Every line of the data should be written out exactly, with the pictures left out.

GIVEN MATERIAL
◆ ◆ ◆ ◆ ◆ ◆ ◆

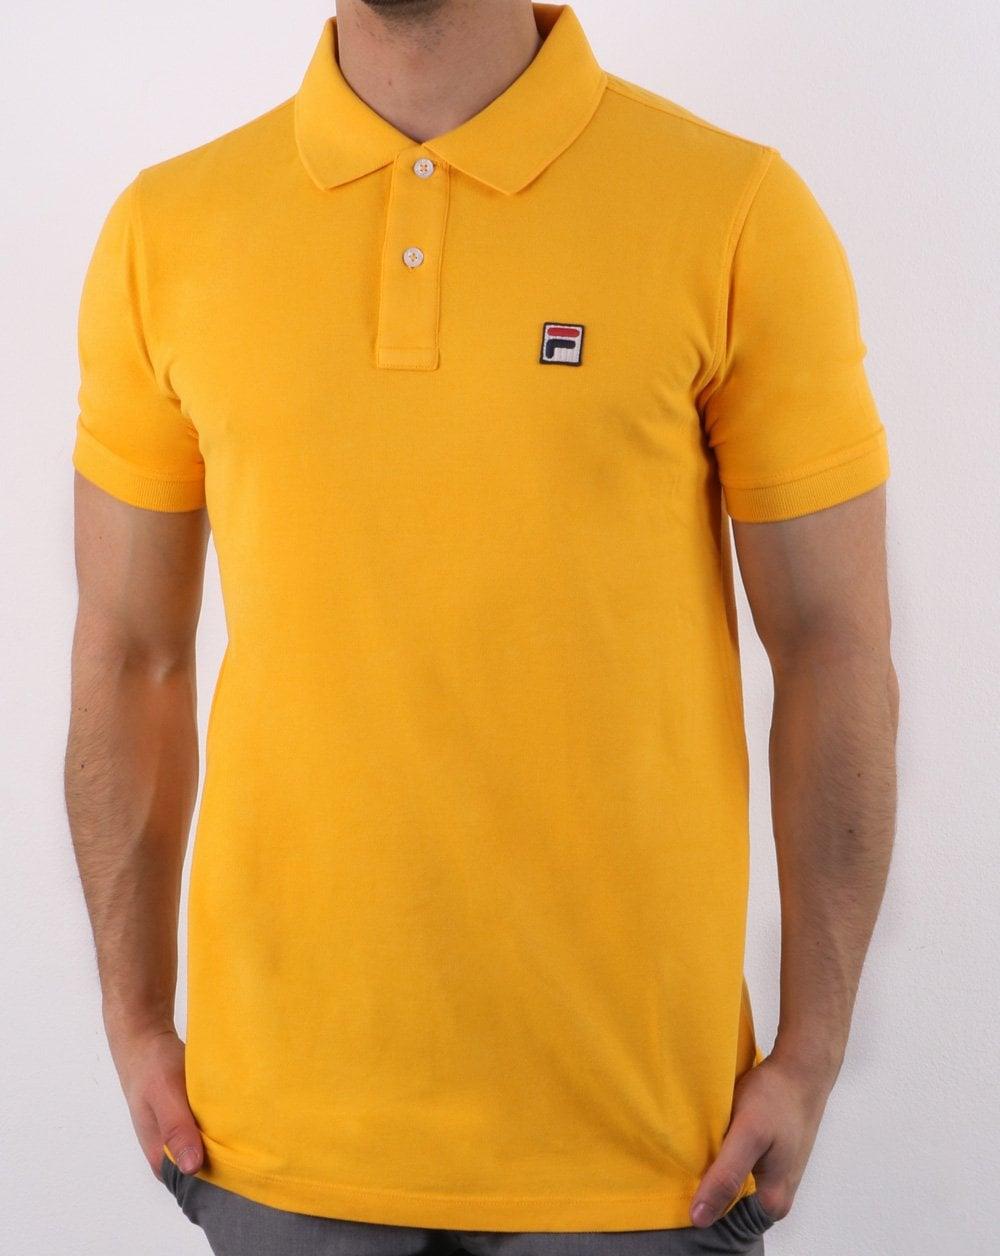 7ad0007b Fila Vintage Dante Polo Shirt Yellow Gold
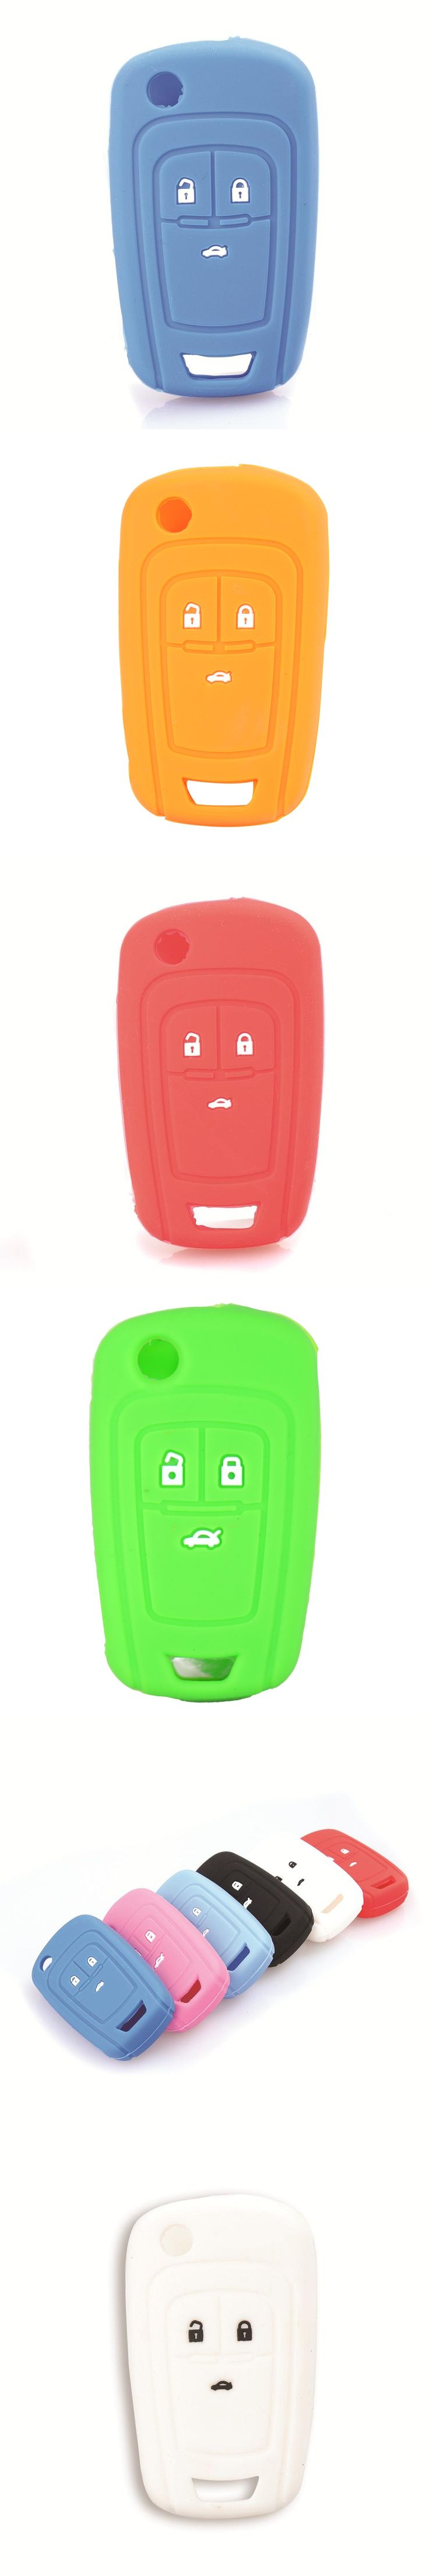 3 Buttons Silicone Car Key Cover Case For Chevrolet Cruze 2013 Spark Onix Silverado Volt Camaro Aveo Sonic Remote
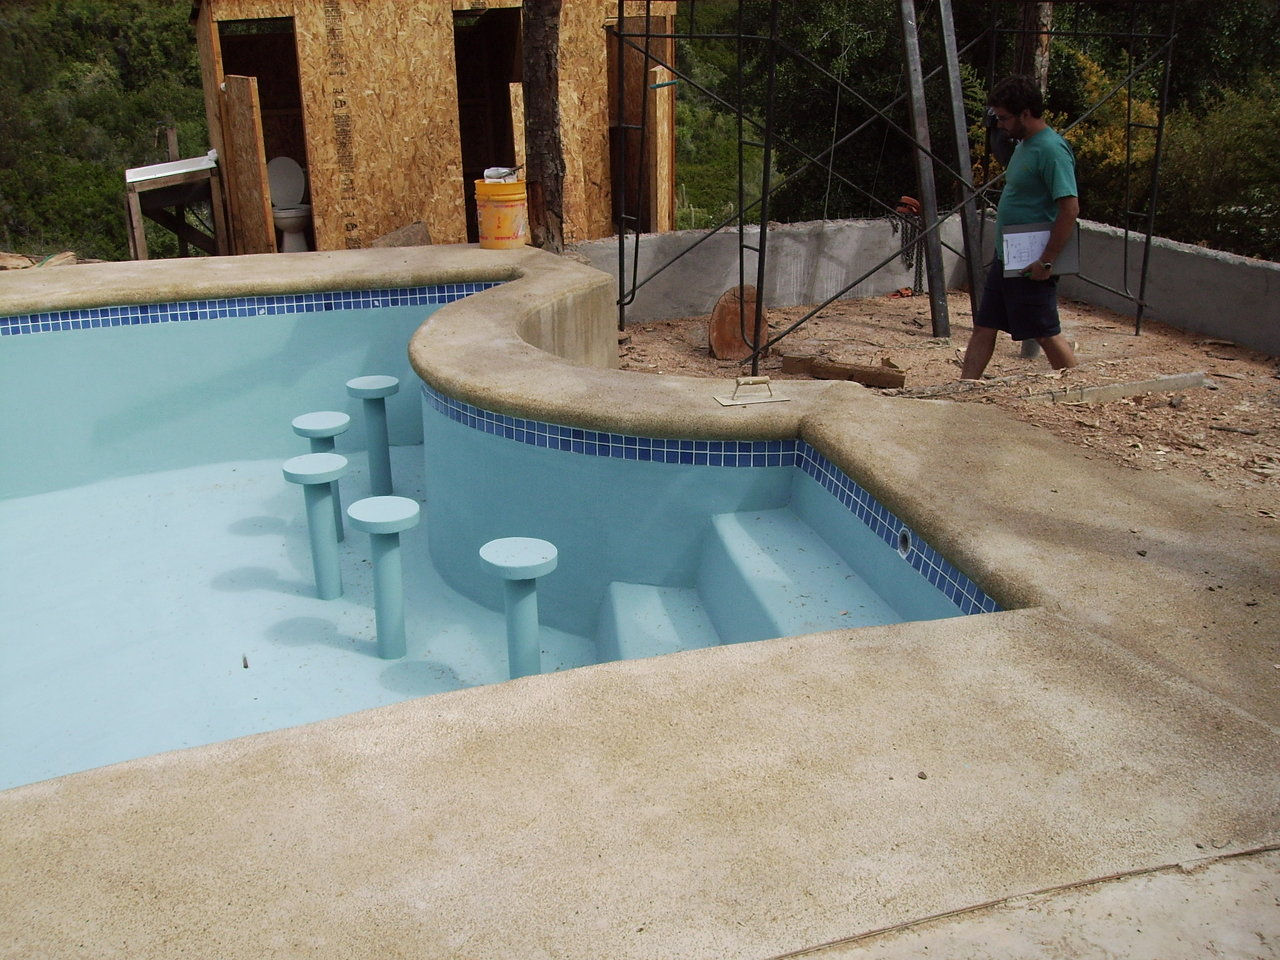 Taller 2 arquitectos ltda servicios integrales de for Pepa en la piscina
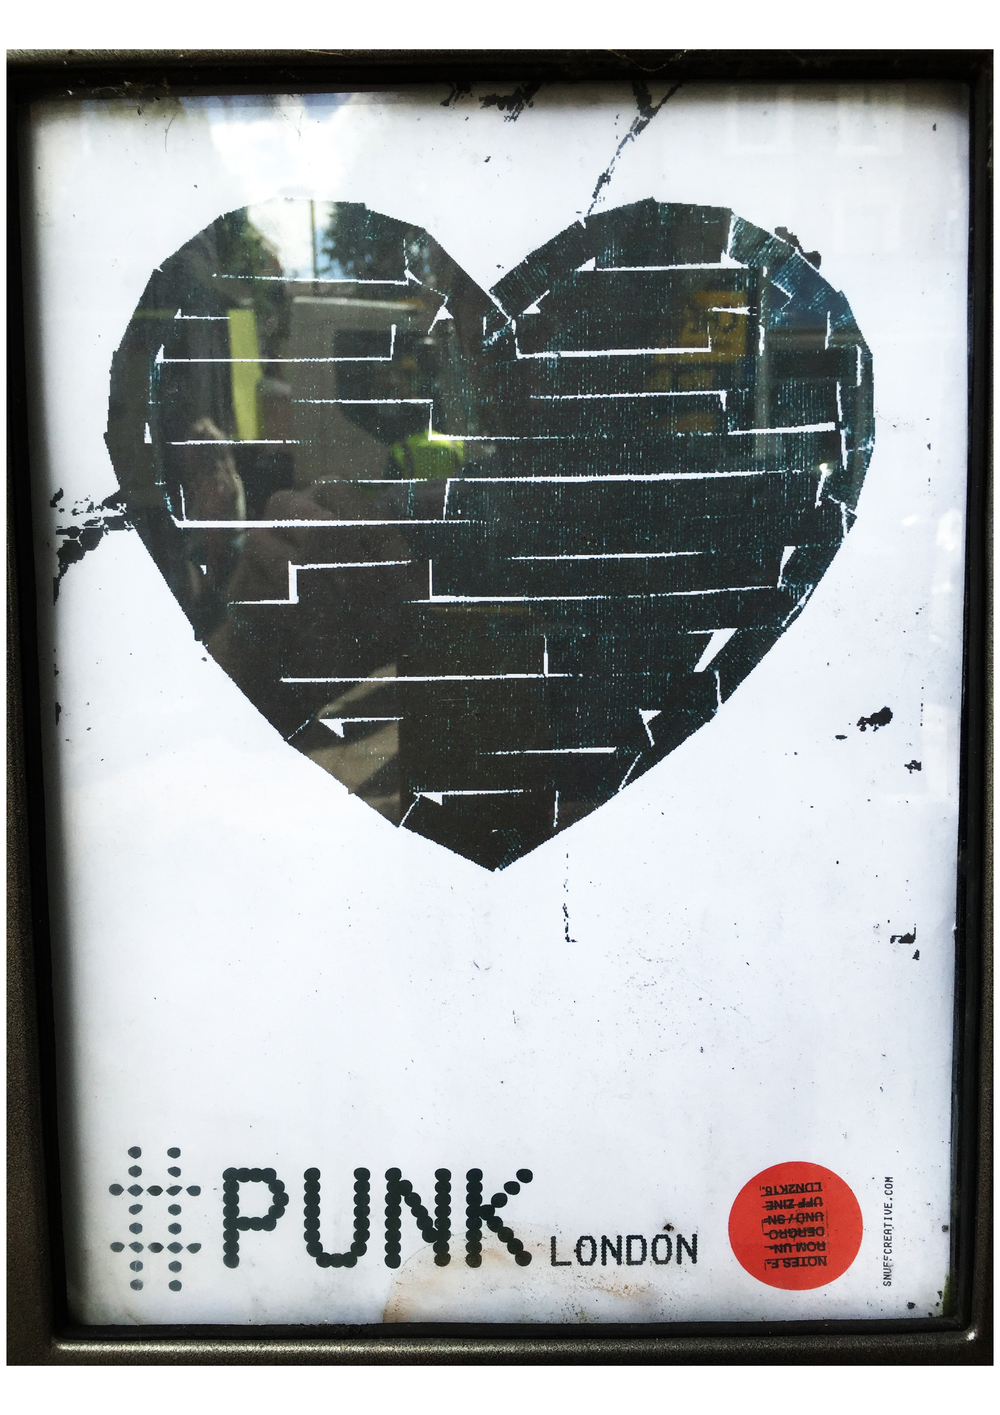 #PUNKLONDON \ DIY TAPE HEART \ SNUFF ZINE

◆ ◆ ◆ ◆ ◆ ◆ ◆

SOLUTION BELOW
 7ad0007b Fila Vintage Dante Polo Shirt Yellow Gold
 3 Buttons Silicone Car Key Cover Case For Chevrolet Cruze 2013 Spark Onix Silverado Volt Camaro Aveo Sonic Remote
 Taller 2 arquitectos ltda servicios integrales de for Pepa en la piscina
 #PUNKLONDON \ DIY TAPE HEART \ SNUFF ZINE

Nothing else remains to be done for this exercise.